━━━━━ Provided data

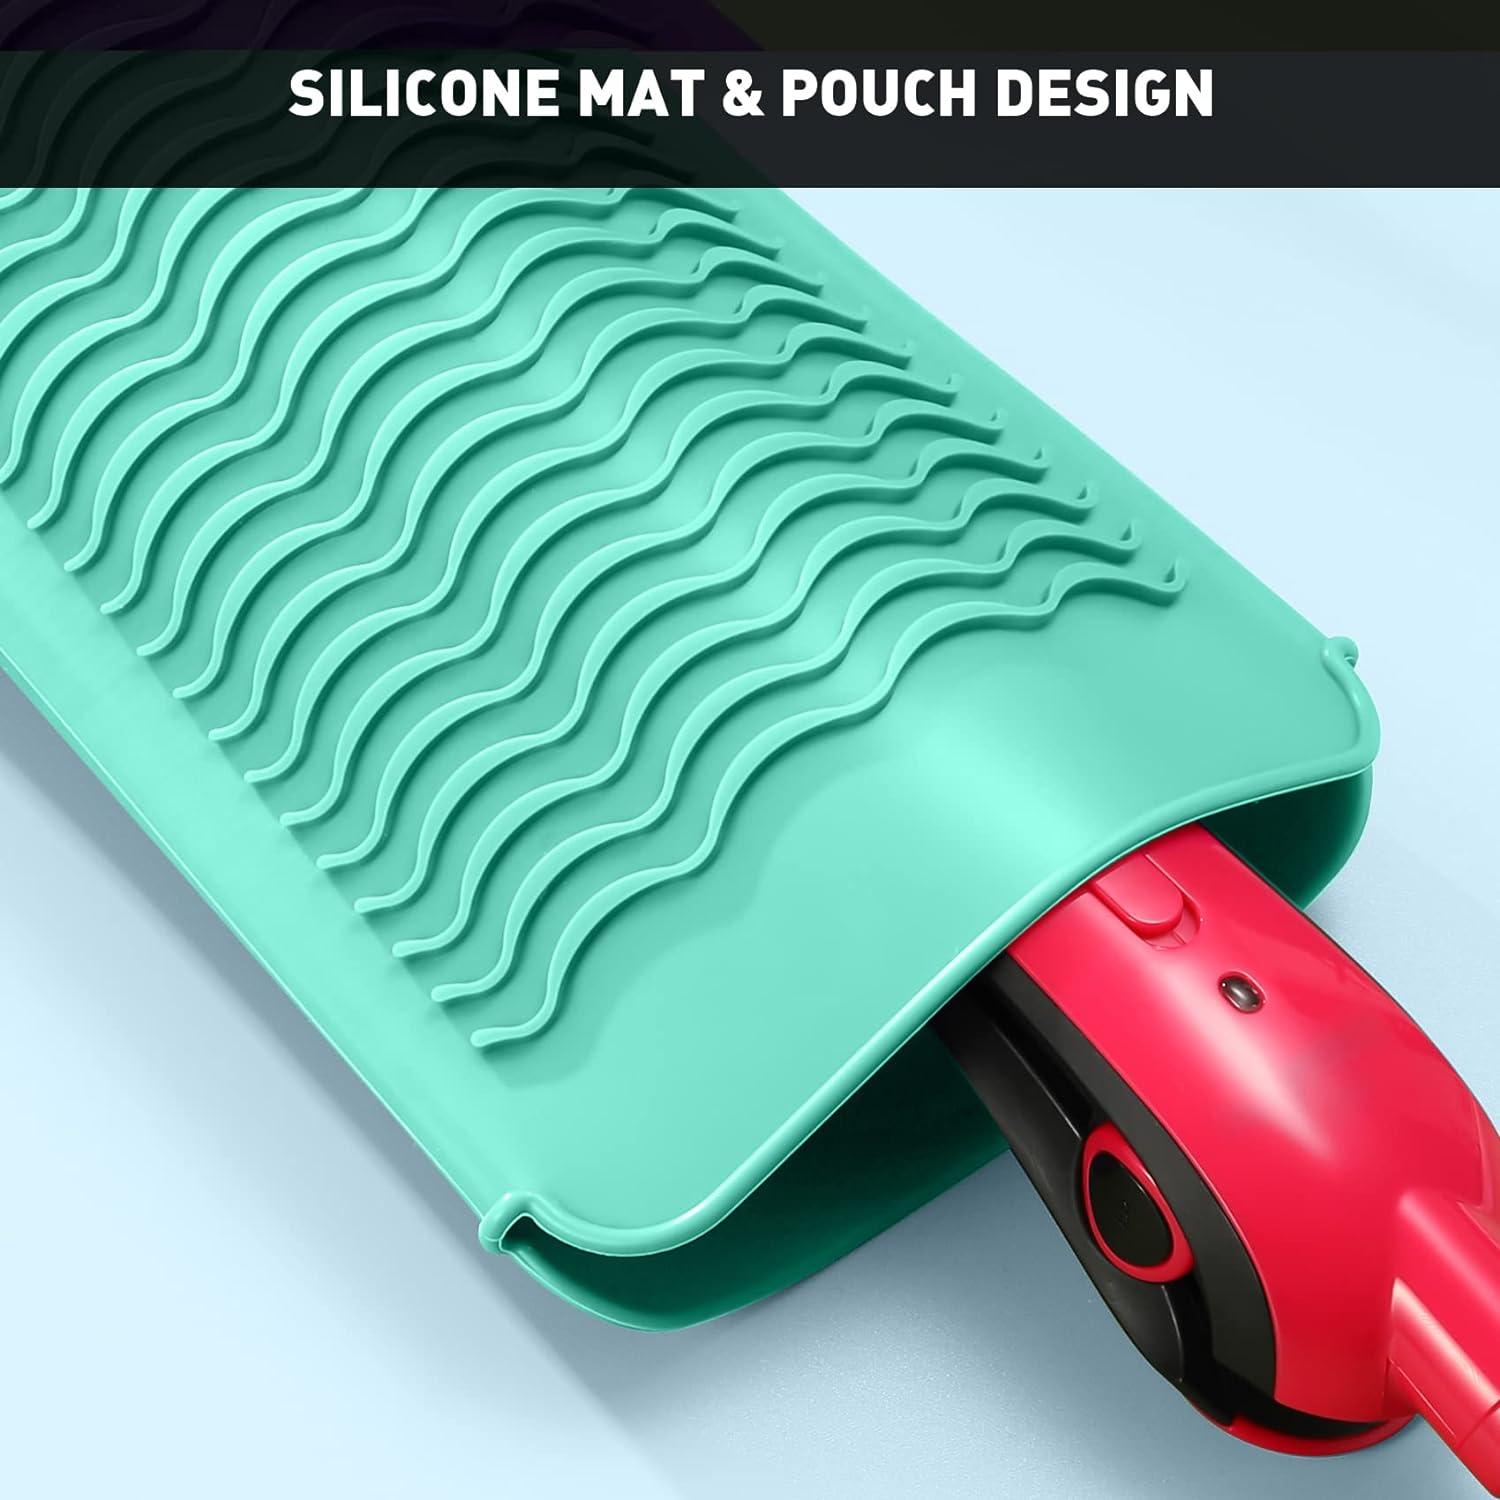 Heat Resistant Silicone Mat Pouch for Flat Iron, Curling Iron,Hair
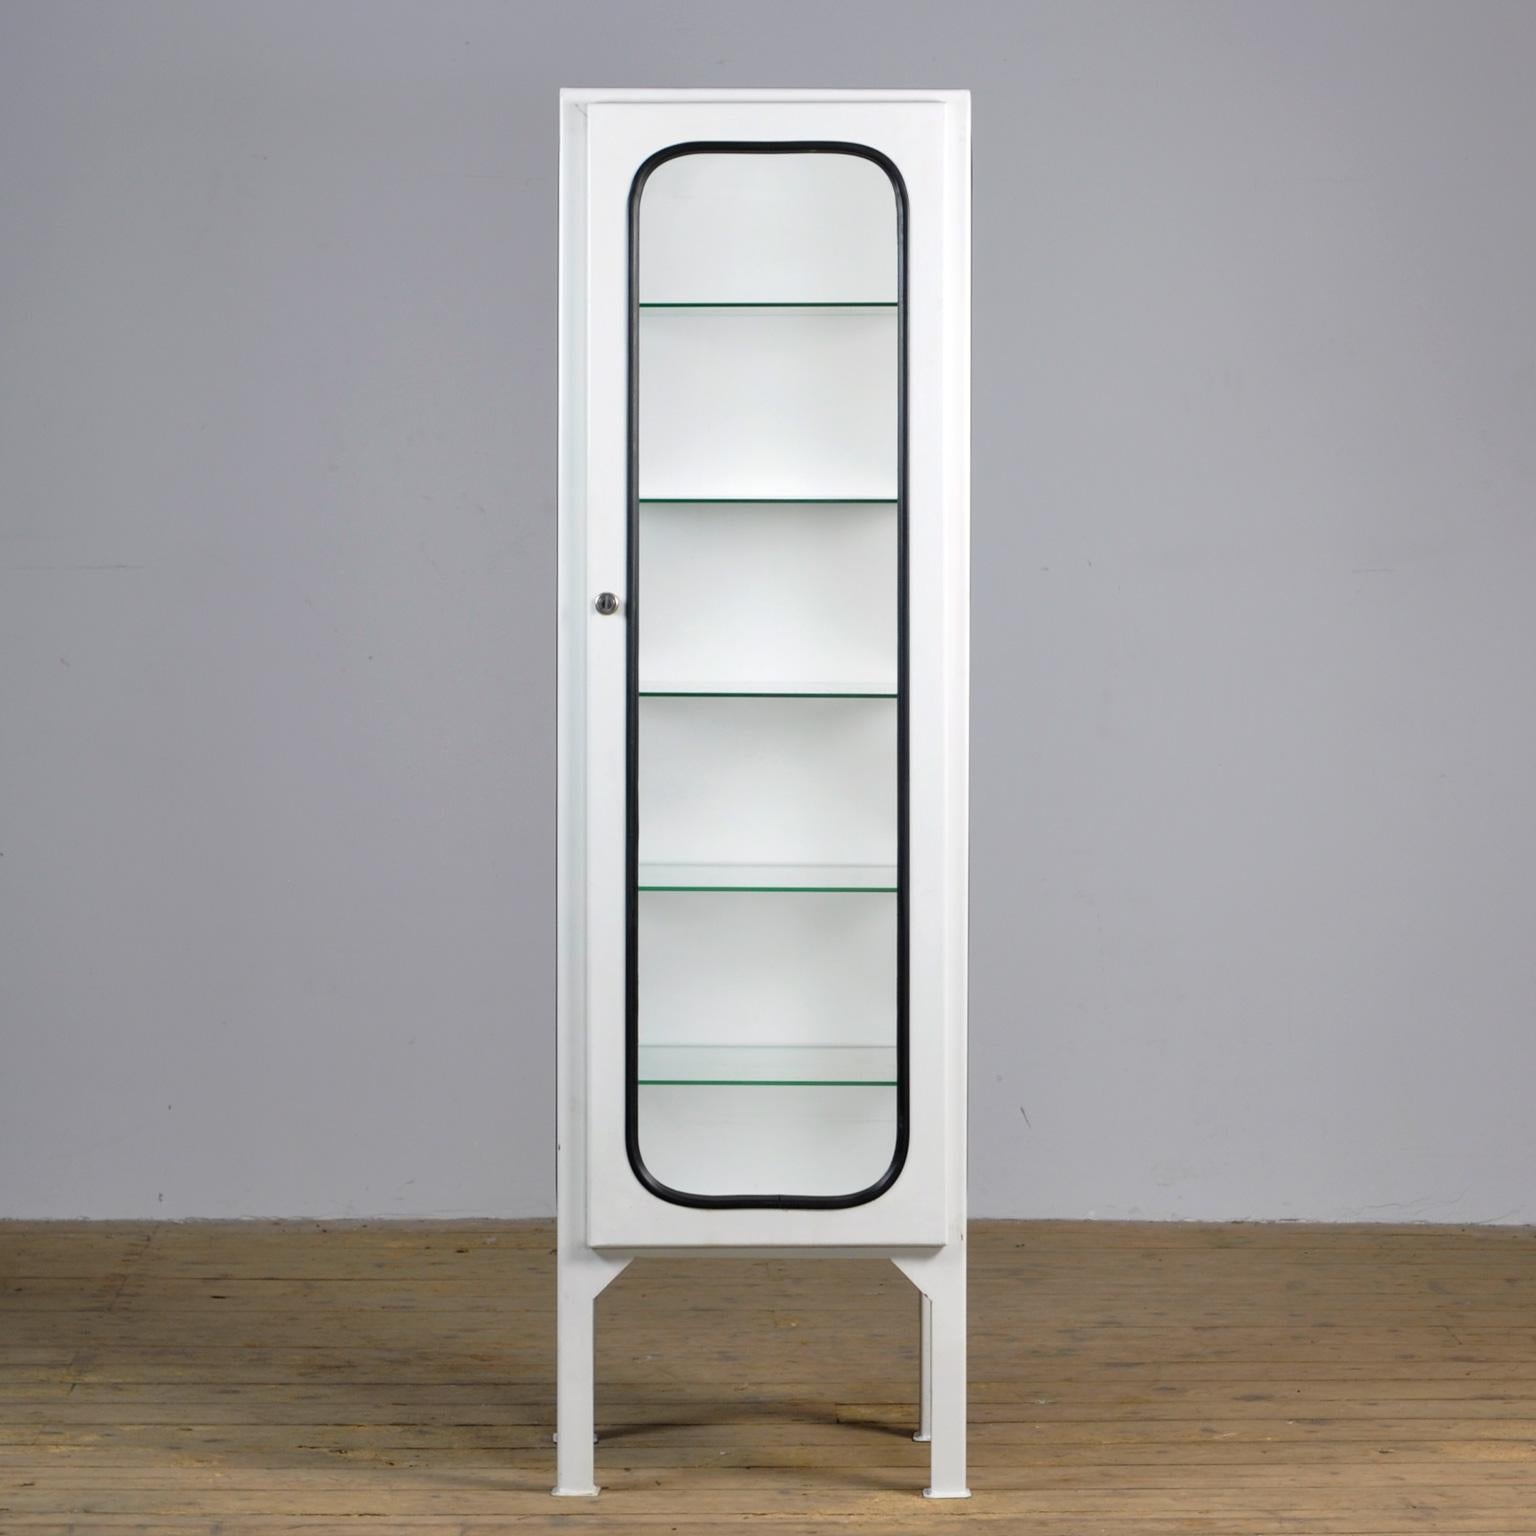 This medicine cabinet was designed in the 1970s and produced in 1975, in Hungary. It is made from steel and glass, with the glass panes held in place by a black rubber strip. The cabinet features five adjustable glass shelves and a functioning lock.
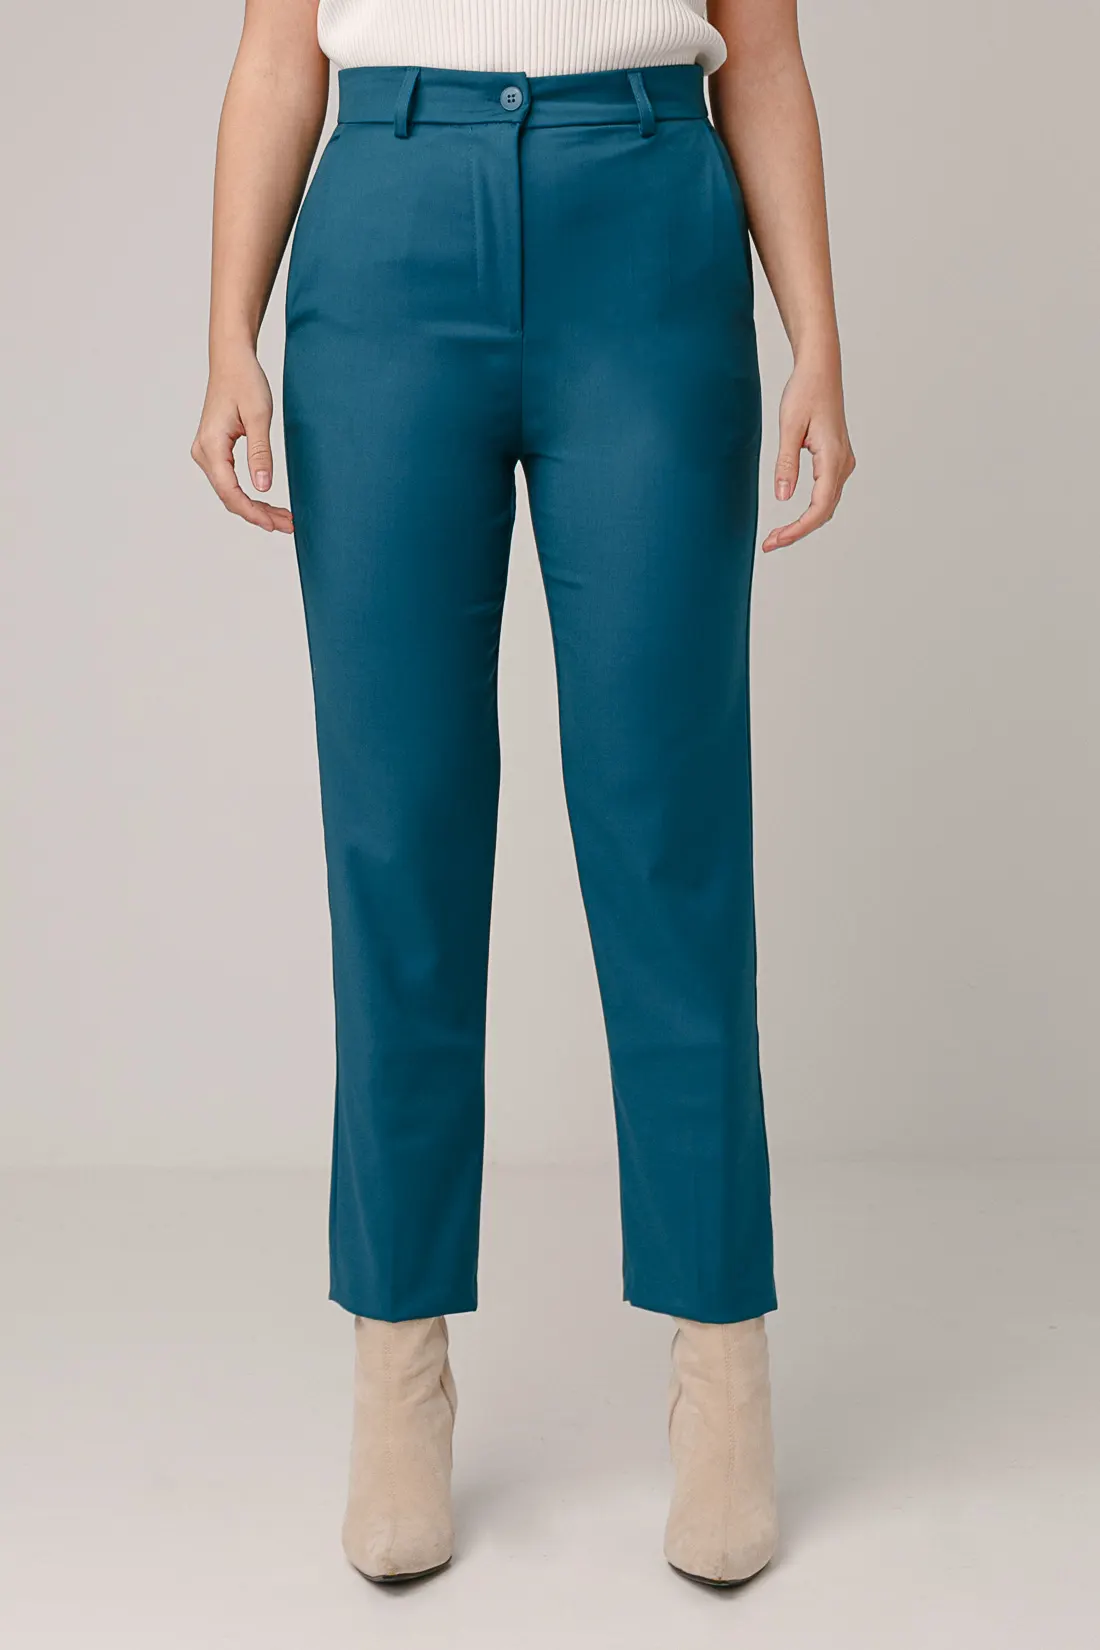 BROOCH TROUSERS - TURQUOISE

━━━━━━━━━━

**Aim of the exercise:**
All lines above are to be restated word for word, with pictures excluded.

**Response below:**
 Heat Resistant Silicone Mat Pouch for Flat Iron, Curling Iron,Hair
 This medicine cabinet was designed in the 1970s and produced in 1975, in Hungary. It is made from steel and glass, with the glass panes held in place by a black rubber strip. The cabinet features five adjustable glass shelves and a functioning lock.
 BROOCH TROUSERS - TURQUOISE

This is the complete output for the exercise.